- **Problem to solve**: Starting at the line containing "Une semelle en" and ending at the line containing "BOLTZE Dekovase 2er", transcribe the listing below exactly. Keep both end lines, skip the pictures, and copy nothing else.

- **Records for the task**:
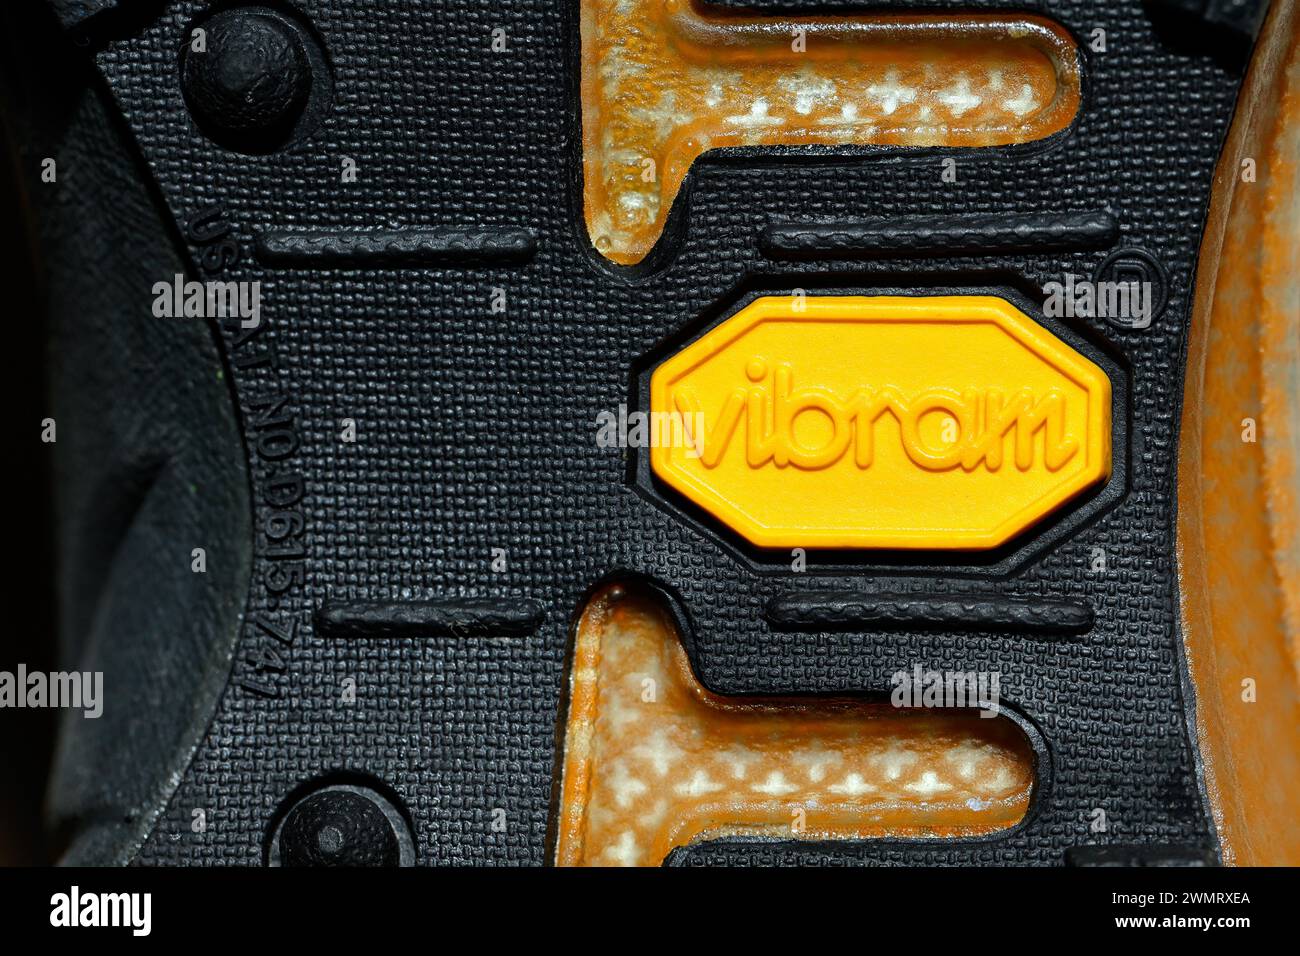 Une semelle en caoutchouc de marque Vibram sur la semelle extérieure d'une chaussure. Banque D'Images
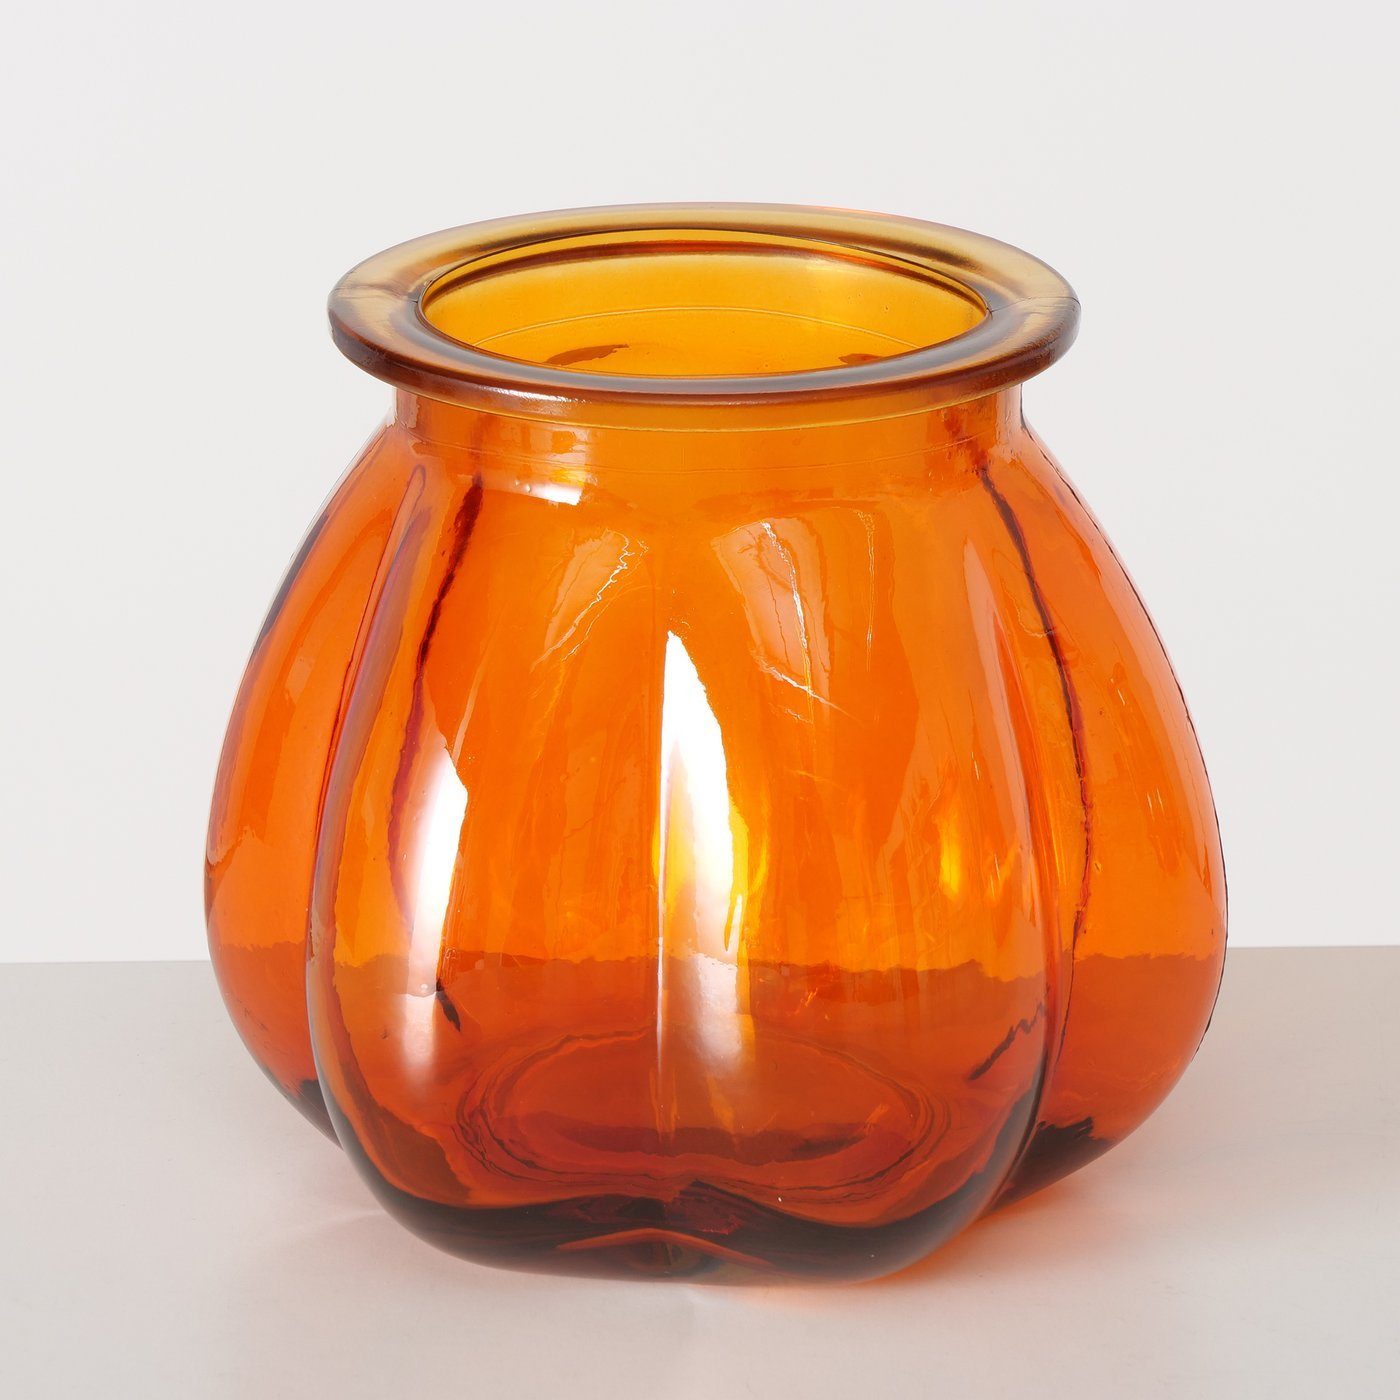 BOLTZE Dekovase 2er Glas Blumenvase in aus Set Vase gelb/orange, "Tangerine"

...

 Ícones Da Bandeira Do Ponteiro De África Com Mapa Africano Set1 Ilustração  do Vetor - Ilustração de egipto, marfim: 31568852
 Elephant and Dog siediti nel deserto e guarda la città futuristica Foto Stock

- **Task result**:
 Une semelle en caoutchouc de marque Vibram sur la semelle extérieure d'une chaussure. Banque D'Images
 BOLTZE Dekovase 2er Glas Blumenvase in aus Set Vase gelb/orange, "Tangerine"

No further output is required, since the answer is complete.